Directions for this task → Please set down only the lines below starting with the line with "Lamborghini-Aventador-by-Huber-1" and going on through the line with "Abdulla Cigarettes Ad", verbatim and without pictures.

Dataset →
++++++

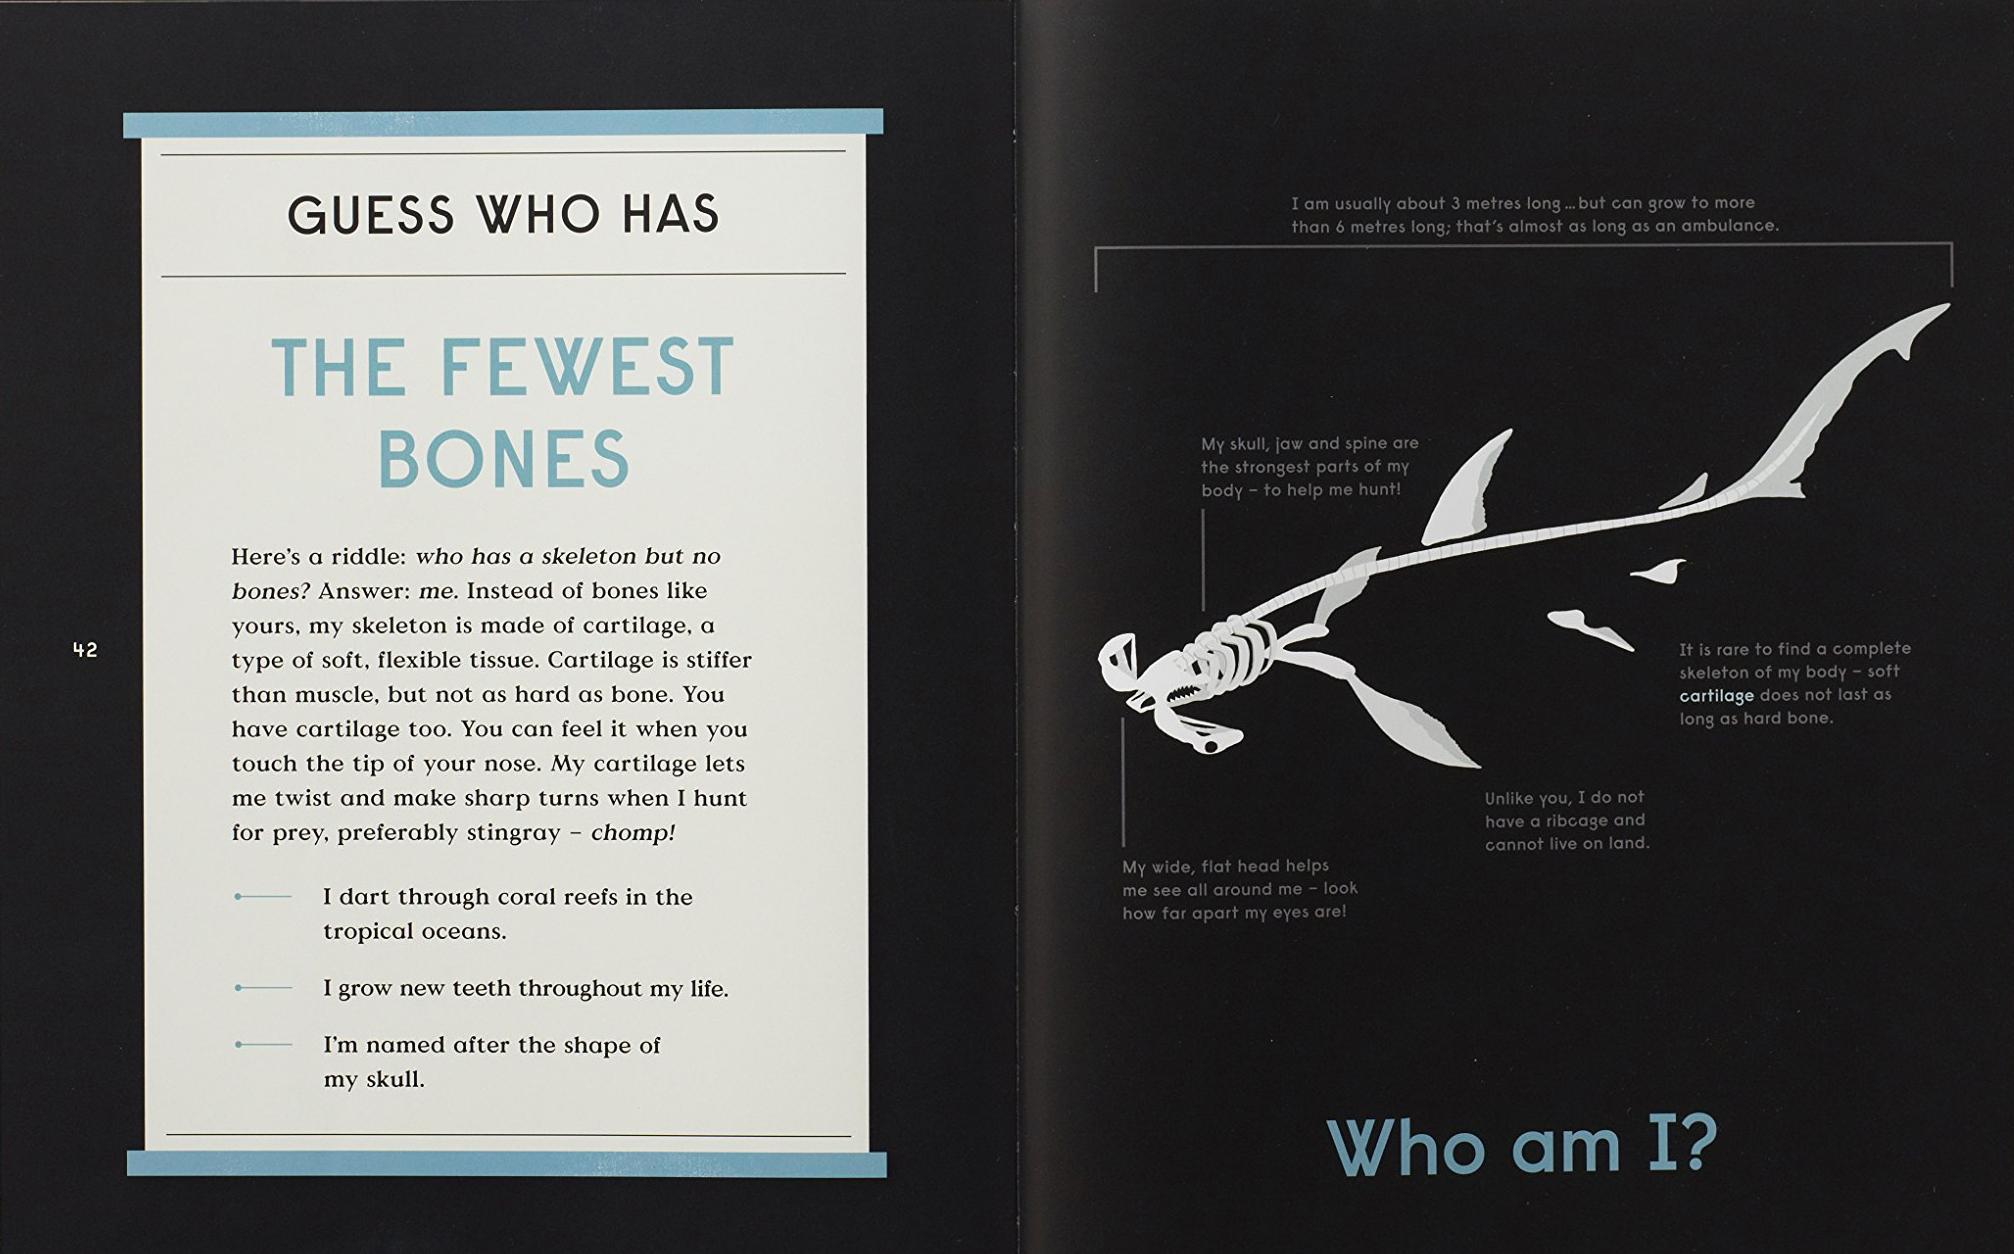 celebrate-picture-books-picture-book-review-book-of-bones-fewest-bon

++++++

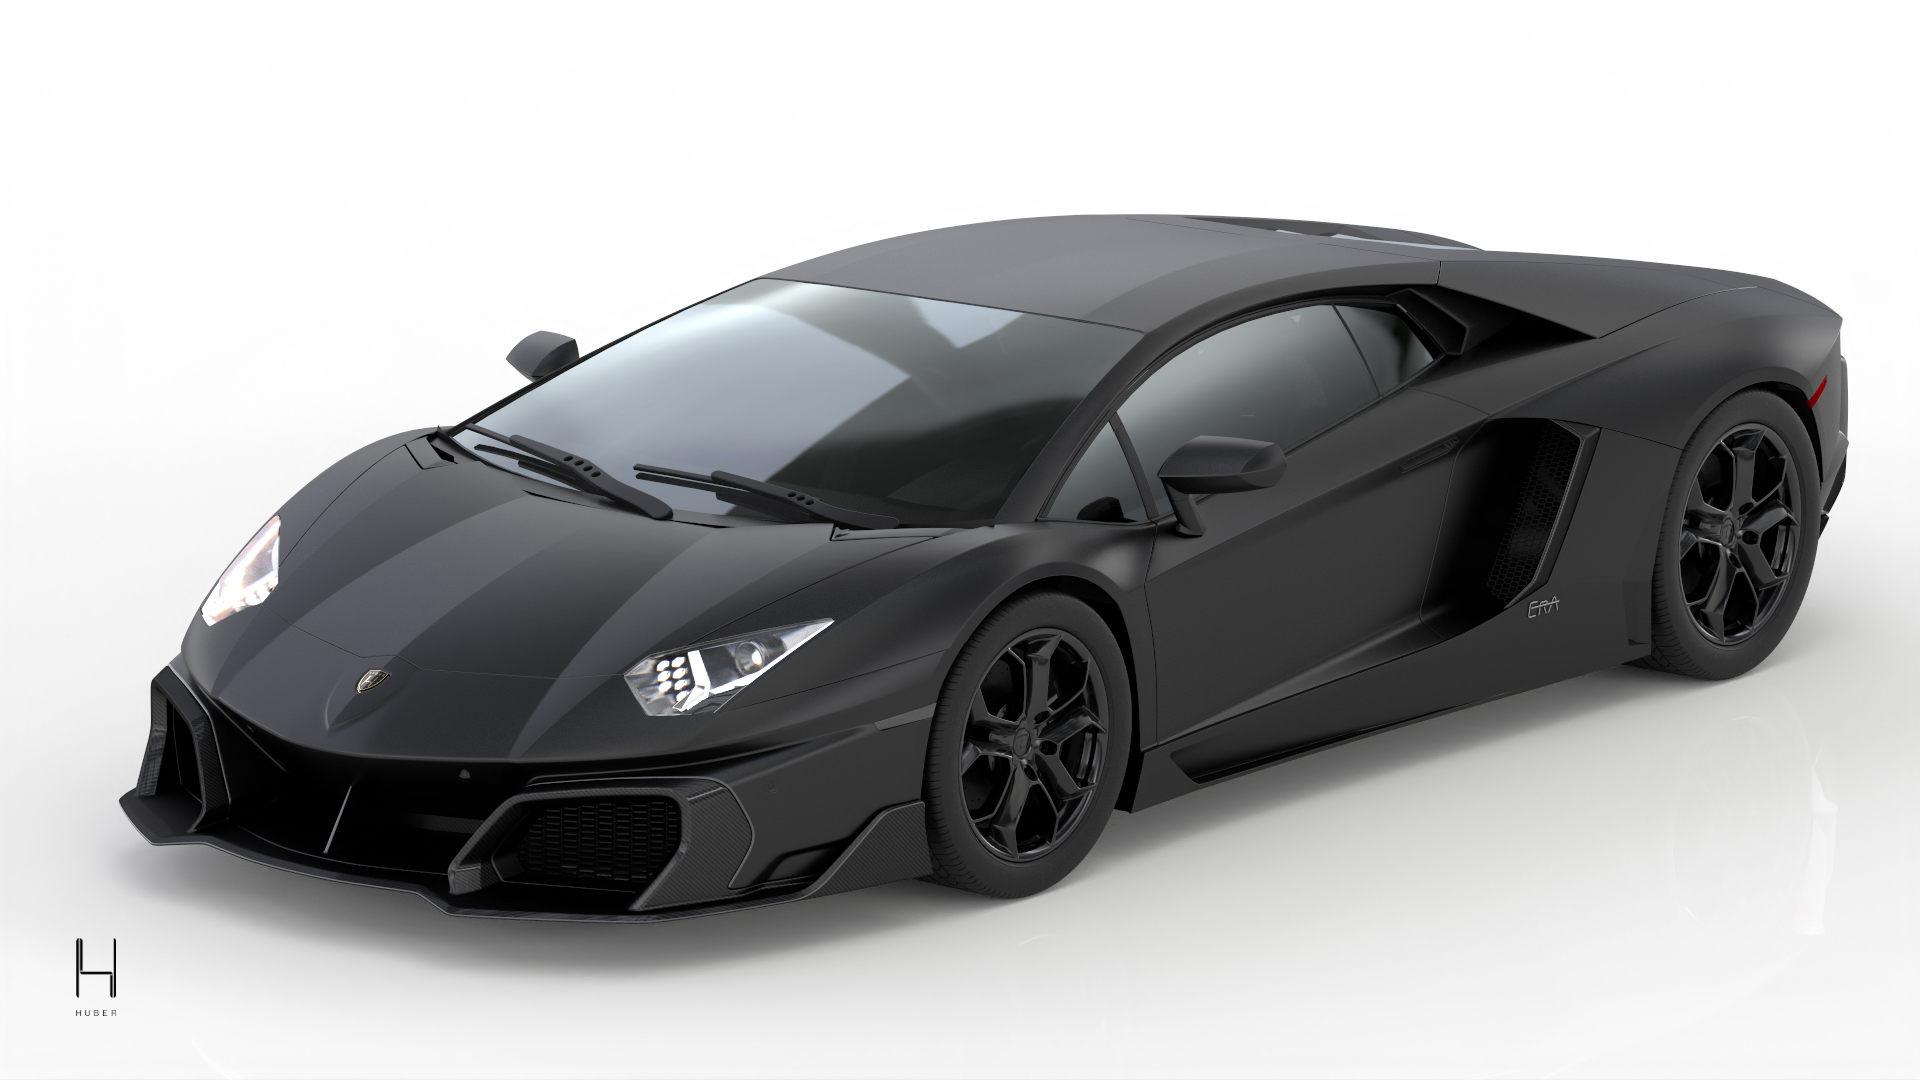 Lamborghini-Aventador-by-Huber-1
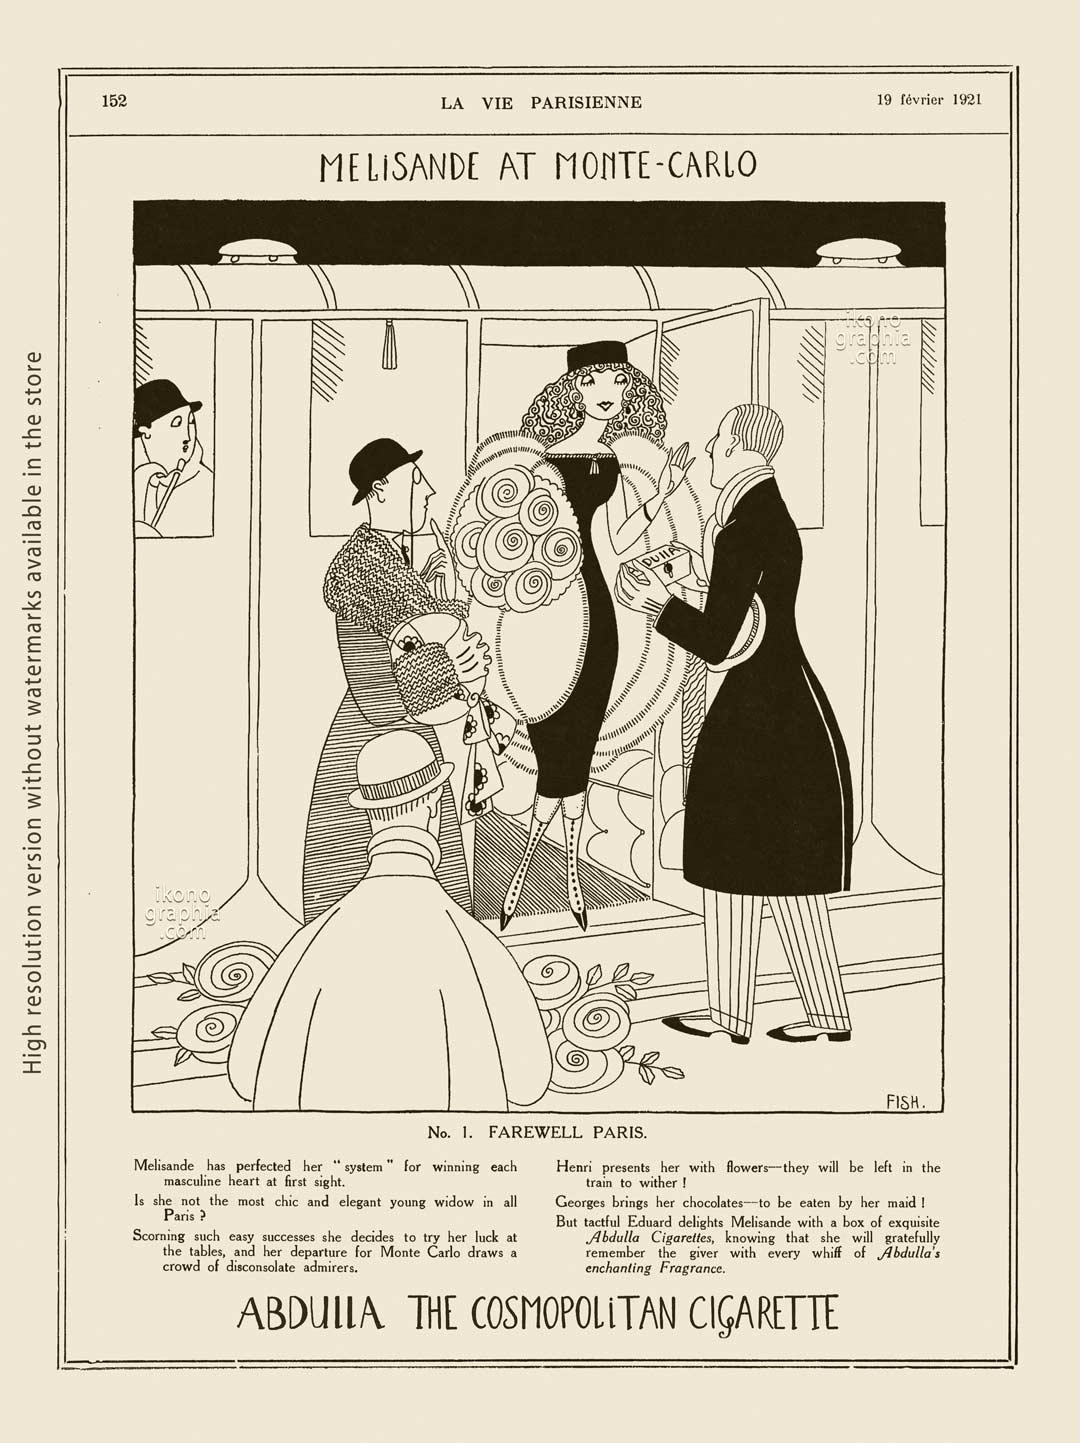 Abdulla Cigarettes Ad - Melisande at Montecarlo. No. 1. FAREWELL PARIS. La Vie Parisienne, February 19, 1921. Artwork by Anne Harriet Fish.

++++++

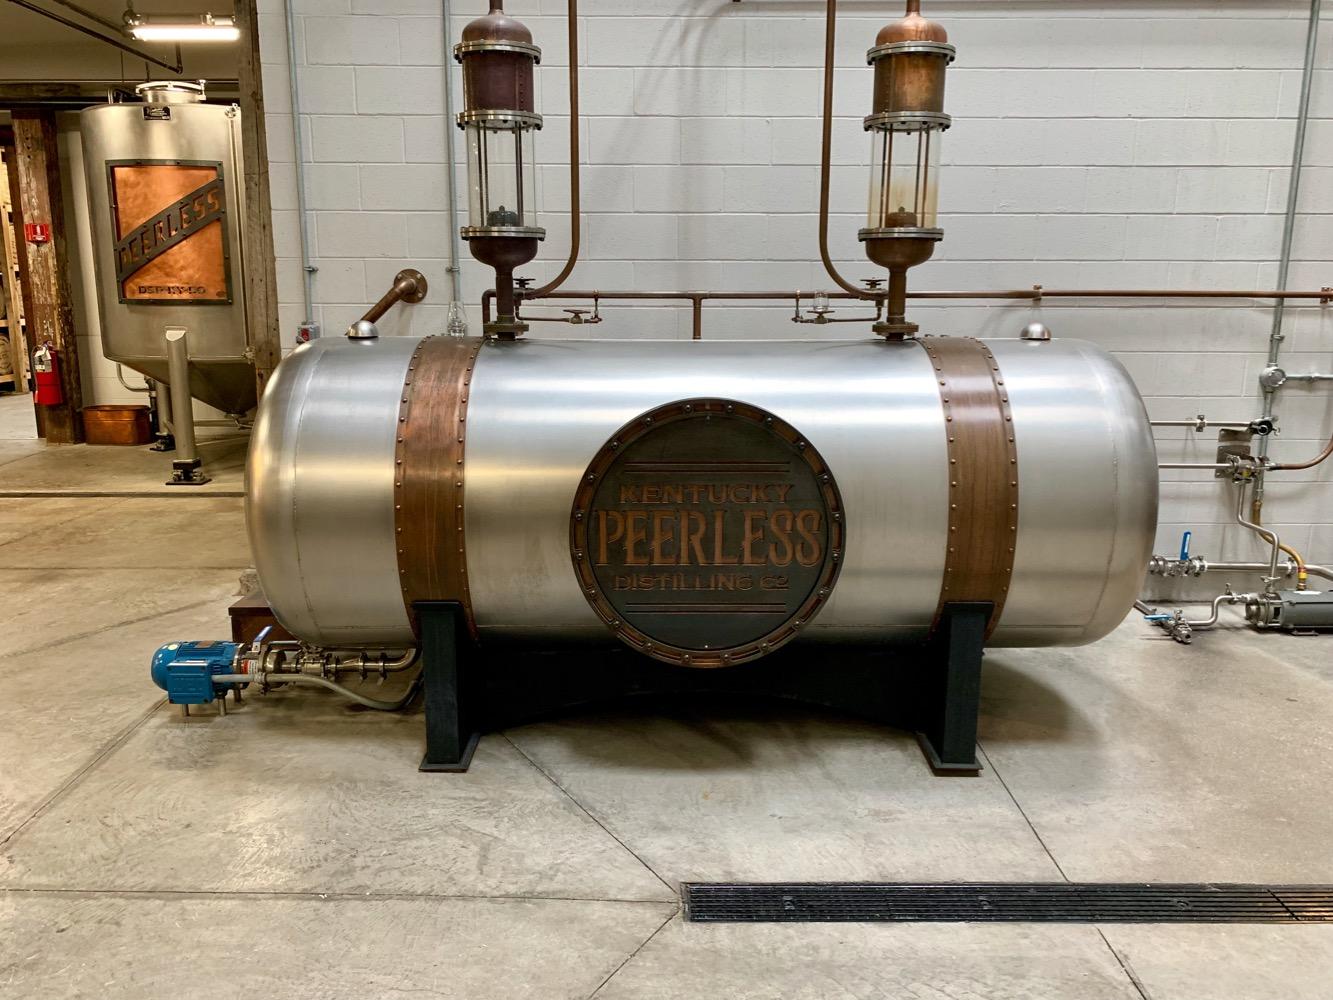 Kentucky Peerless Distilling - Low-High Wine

++++++

Problem solution →
 Lamborghini-Aventador-by-Huber-1
 Abdulla Cigarettes Ad - Melisande at Montecarlo. No. 1. FAREWELL PARIS. La Vie Parisienne, February 19, 1921. Artwork by Anne Harriet Fish.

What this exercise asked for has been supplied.